Roca Studio · Legal information
Privacy Policy
A clear explanation of what data we may receive, what we use it for and how you can exercise your rights.
Last update · July 12, 2026
Responsible for the treatment
- Responsable
- Mario Carlos Roca Peñafiel, under the commercial name Roca Studio
- NIF/NIE
- Y6921439V
- Domicilio
- Calle Ronda 4, Yuncler, 45529, Toledo, Spain
- Privacy and rights
- contacto@roca.studio
Data that we can process
We only process the information necessary to attend a conversation or provide a service. Depending on the channel and relationship, it may include:
- name, email, telephone number and professional information;
- company, website, services of interest, budget and deadlines;
- messages, documentation and materials that you decide to share;
- contractual, billing and payment data when there is a professional relationship;
- minimum technical data that the hosting provider can register to serve and protect the site, such as IP address, date, requested browser or security incidents.
Purposes and legal bases
Inquiries and budgets
We use the data to respond, assess the fit, prepare a proposal and maintain pre-project conversations. The base legal is the application of pre-contractual measures requested by the person concerned and, where applicable, his or her consent to the chosen channel.
Service provision
If a project is formalized, we process the data to manage the scope, communication, deliveries, billing and compliance with agreed obligations. The legal bases are the execution of the contract and compliance with legal obligations.

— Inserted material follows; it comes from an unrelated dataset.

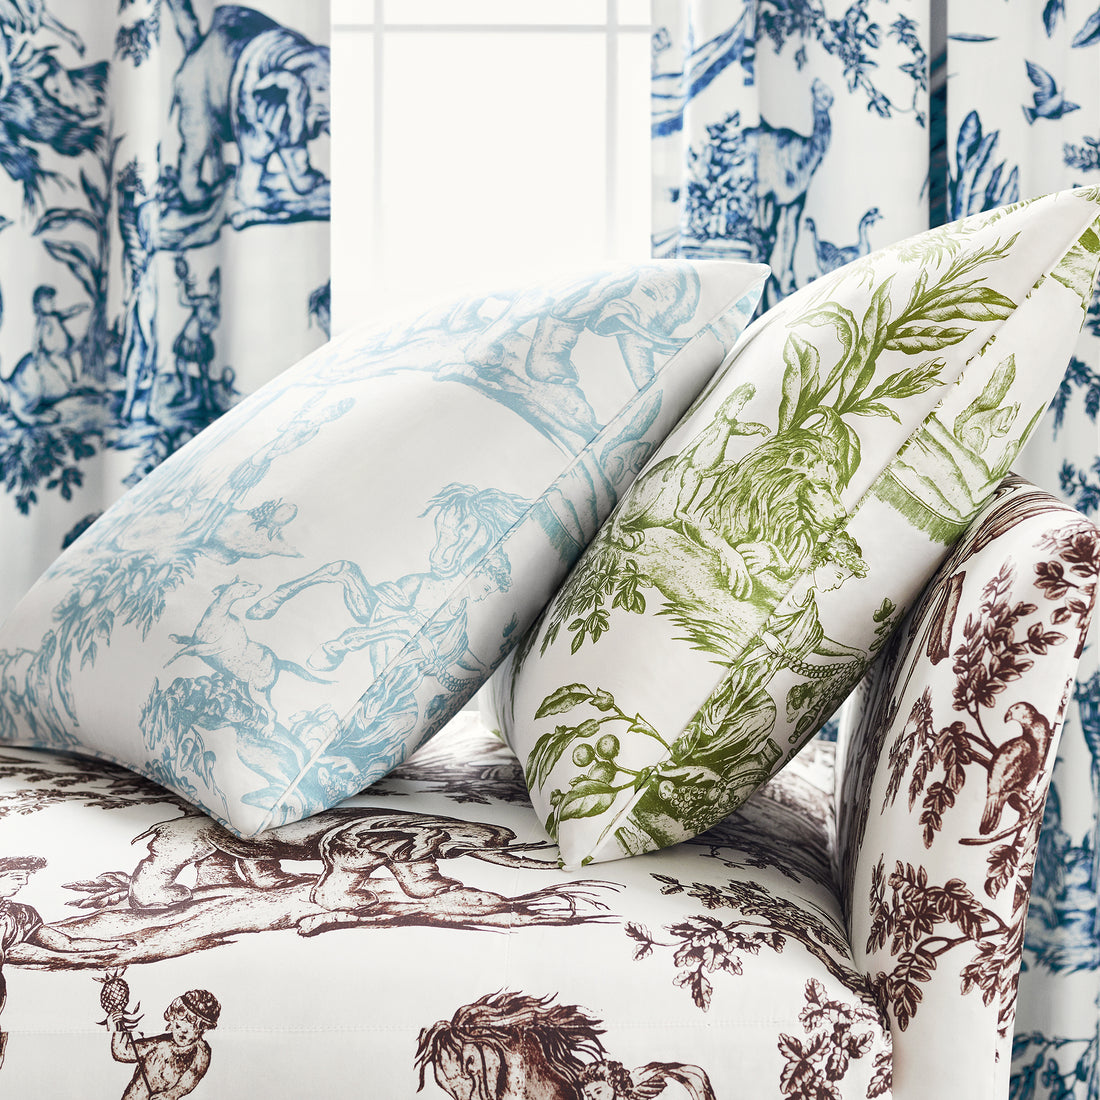 Pillow in Antilles Toile printed fabric in Green - pattern number AF15172 - by Anna French in the Antilles collection
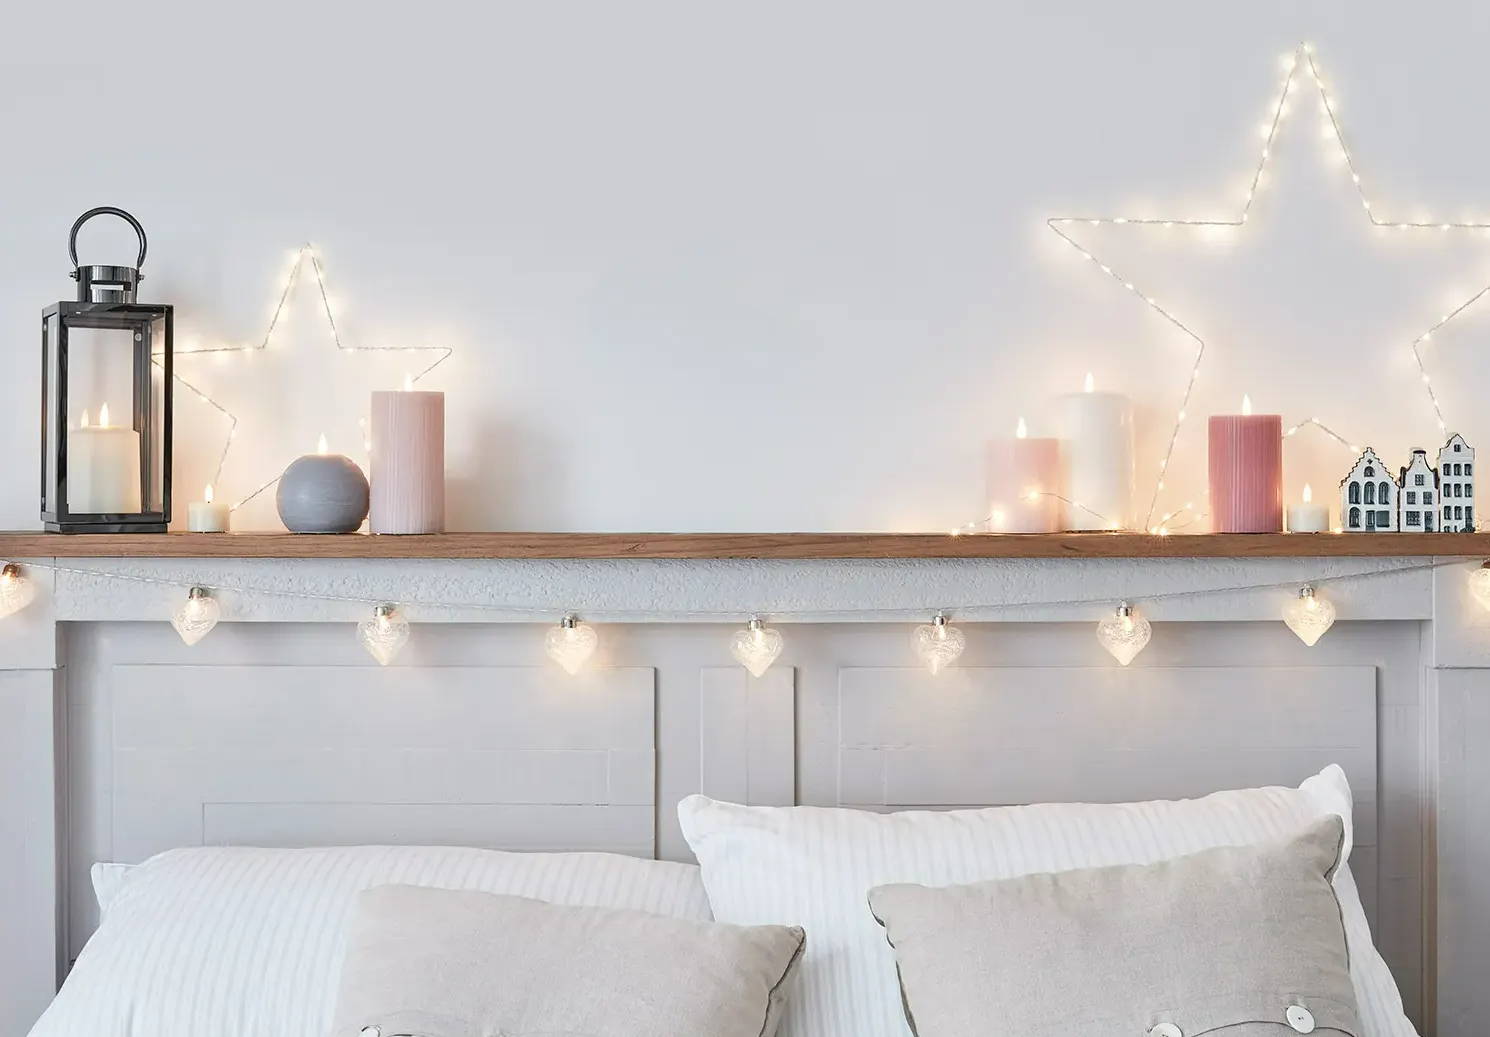 A cosy bedroom setting with stars, fairy lights and candles above a bed.

Security and defense of rights
We may retain evidence of communications or incidents when necessary to protect the site, prevent abuse or address a claim. The basis is the legitimate interest in maintaining security and defend rights, weighed against the interests of the people.
Commercial communications
The website does not currently include a newsletter subscription nor does it send automatic commercial communications. If enabled, it would ask the corresponding consent or another permitted basis would apply by law, always offering a simple way to stop receive them.
Conservation periods
Queries that do not become a project will be kept for the time necessary to attend to them and, in general, no more than twelve months since the last interaction, unless there is a reason legitimate to keep them for longer.
When there is a contractual relationship, the data will be kept while it is active and then blocked during the legal deadlines tax, accounting and liability. The data will be deleted or They will be anonymized when they are no longer necessary.
Recipients and suppliers
We do not sell personal data. They can be accessed by providers who help operate mail, hosting, storage, billing or work tools, always under the required guarantees. Also may be communicated to consultancies, financial entities or public administrations when necessary for the service or requires the law.
If you choose to contact us through WhatsApp, Instagram or another platform external, that company will process the data in accordance with its own conditions. Some providers may operate outside the Space European Economic; In that case, mechanisms of transfer recognized by the applicable regulations when they are necessary.
Your rights
You can request access, rectification, deletion, opposition, limitation or portability of your data, and withdraw consent without affecting the legality of the prior treatment. you also have right not to be subject to decisions based solely on automated treatments; Roca Studio does not carry out this type of decisions or create automated profiles.
To exercise them, write to contacto@roca.studio and indicate which right you wish to exercise. Only additional information will be requested if necessary to verify identity. The exercise is free in the legal terms.
If you consider that your request has not been attended to correctly, you can file a claim with the Spanish Data Protection Agency .
Safety, minors and changes
Reasonable measures are taken to protect information from unauthorized access, loss or alteration. No system is infallible, so it is advisable not to send information especially sensitive that is not necessary to evaluate or develop a project.
The services are directed to professionals and organizations, not to under fourteen years old. If data sent by a minor is detected without authorization, they will be deleted where appropriate.
This policy will be updated if channels, providers, treatments or legal requirements. The upper date identifies the current version.